Friday, March 14, 2014

Likely Available Waiver Wire Talent: Peter Bourjos, Raul Ibanez, Dustin Ackley, Junior Lake, Josh Willingham

Peter Bourjos (12%)

Bourjos got traded over to the Cardinals in the offseason and is looking  to bounce back from a season shortened by injury and being on a team where he's not behind Mike Trout on the depth chart for center field.

I think that Bourjos ultimately is one of those players that is more valuable (due to his defense) in real life than he is in fantasy. Batting average wise, he has been inconsistent (.251/.306 career average/obp), he doesn't draw very many walks which could lead to his performance regressing sooner rather than later.

He will hit some homers (career high of 12) and steal some bases (22) but not enough to justify a starting spot on most fantasy teams.

But then again, I could be reading things all wrong. Through age 26, his most similar player was Carl Everett aka Jurassic Carl. In addition to not believing in dinosaurs, he did overcome a show start to his career  and produce a .296/.359/.482 15 homers & 14 steals at age 27 and ultimately hitting 20 plus homers four times in his career.

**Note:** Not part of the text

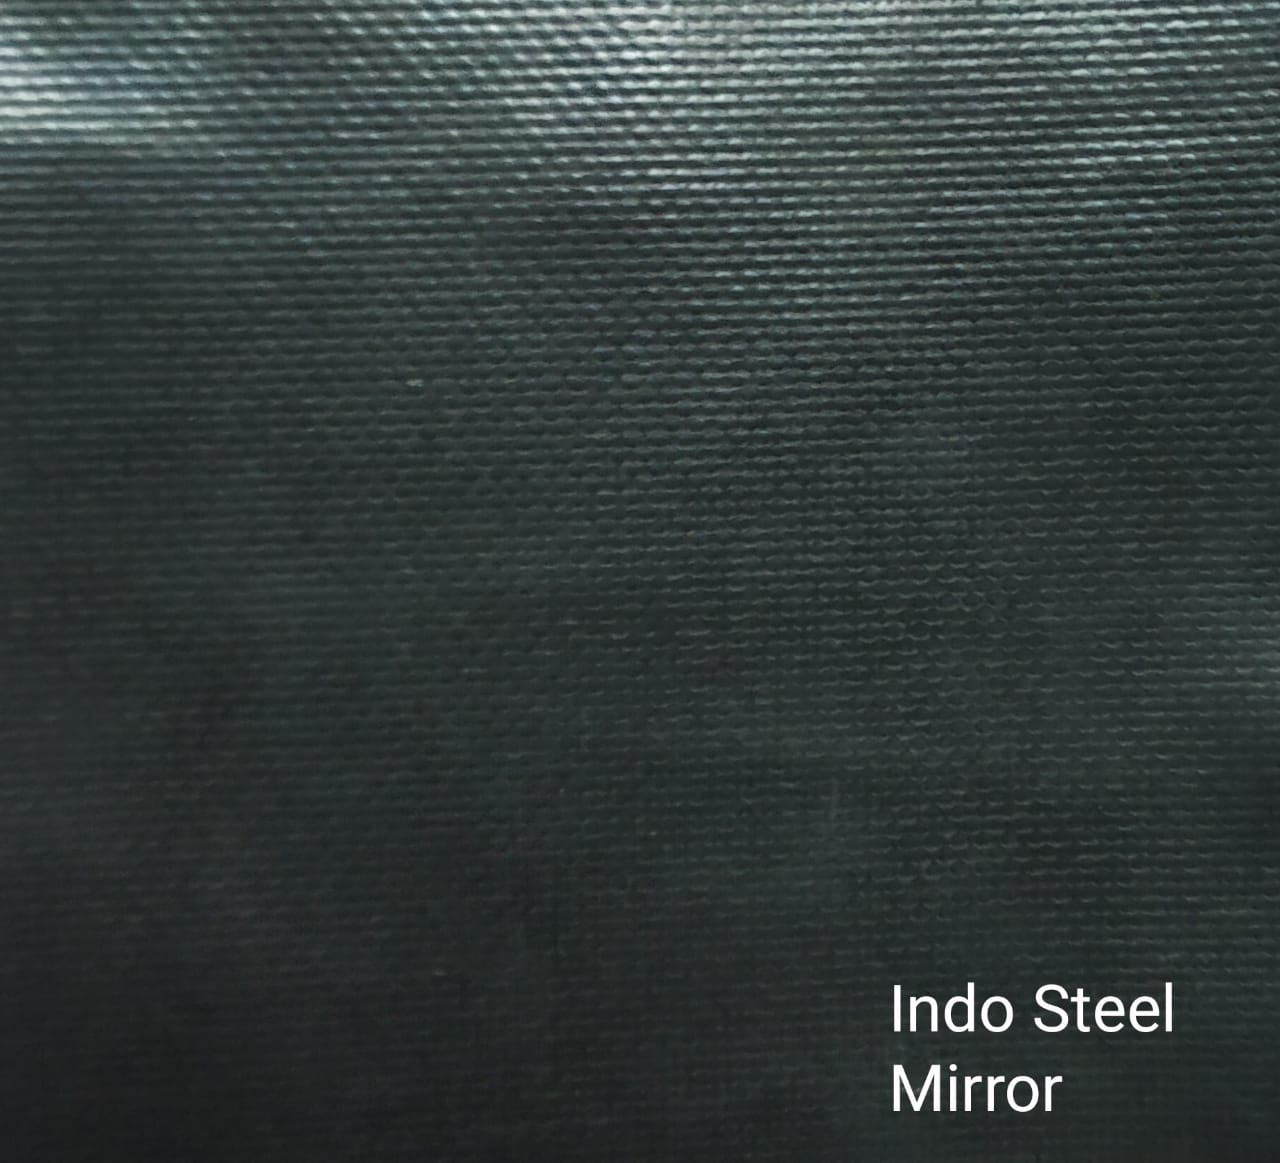 Indo steel

With Bourjos, my guess is that his ceiling on power is about 15 homers, his ceiling on steals is around 30 and he may get the batting average in the .270 range. These aren't necessarily terrible numbers, there's just better outfield options available.


Raul Ibanez (11%)

Raul Ibanez may be like really old, Raul Ibanez may be absolutely brutal on defense. Raul Ibanez will likely return poor average/obp numbers. The one thing Raul Ibanez can do really well is hit a baseball a really, really long way. He hit for enough power (29 homers) while playing during a time where power is down and for a team that plays its home games at a stadium that is not very power friendly and still churned out a respectable 123 OPS+.

If Ibanez is going to help, it's primarily going to be one category (home runs). The question remains is whether there is another productive season left in the tank. At this point, i'd give him the benefit of the doubt that he can still produce double digit home runs but don't expect much more than that.

His most similar player through age 41 is Mr. Marlin Jeff Conine. Conine retired before his age 42 season but in his age 41 season he had a lot less in the tank .254/.317/.383 than Ibanez.

Dustin Ackley (11%)

Ackley is still young and his career could go either way. The question is which Ackley is going to show up. Is it going to be the Ackley that justifies his past status as a top 15 prospect, his respectable showing in his first year in the bigs or are we going to see more of the Ackley that struggled bad enough that he got sent down to the minor leagues for awhile last year.

If Spring Training even remotely resembles a preview of what to come when the games start to count, he could be sneaky good sleeper pick. In 30 spring training plate appearances (small sample size alert) Ackley is absolutely crushing the ball to the tune of an 1.321 OPS.

His most similar player through age 25 is Reno Bertoia. In his age 26 season he was pretty brutal .226/.302/.267 52 OPS+. Even in a worse case scenario, I think Ackley would put up much better numbers than that. Best case scenario would be a return to 2011 form and numbers around .275/.350 average/obp and 15-20 homers.

Junior Lake (10%)

Lake got his first taste of major league experience last year and put in respectable numbers in 64 games .284/.332/.428 106 OPS+. As it stands right now, he's slated to start in left field.

He'll ge the plate appearances but  the question remains of whether value will be produced from them. He's been an okay hitter in the minors but only has a .732 OPS in the minors and a .803 in 40 AAA games last year which sounds okay but was done in the offense friendly pacific coast league. A repeat of his numbers from last year is likely the best case scenario.

Josh Willingham (10%)

I thought Willingham would be a good bet in fantasy in 2013 as he showed that he could be productive while playing at target field. I was totally wrong. Along with only playing 111 games, he also had his first below average OPS+ since 2004 (when he only had 29 plate appearances).

If your in a league that counts OBP instead of average he'd have slightly more value. Despite a near mendoza line average (.208) he still but up a .342 OBP. Even though there is the hope that he can return to his older form, he already is 35 so last year may have been the beginning of the end and he's off to a very cold start in spring.

His most similar player through age 34 is Jason Werth. That season happened to be last year. Unlike Willingham, Werth had one of his best seasons last year and gets the benefit of playing on a team with a chance to win something instead of Willingham who's on a Twins team that will be lucky if they lose less than 90 games.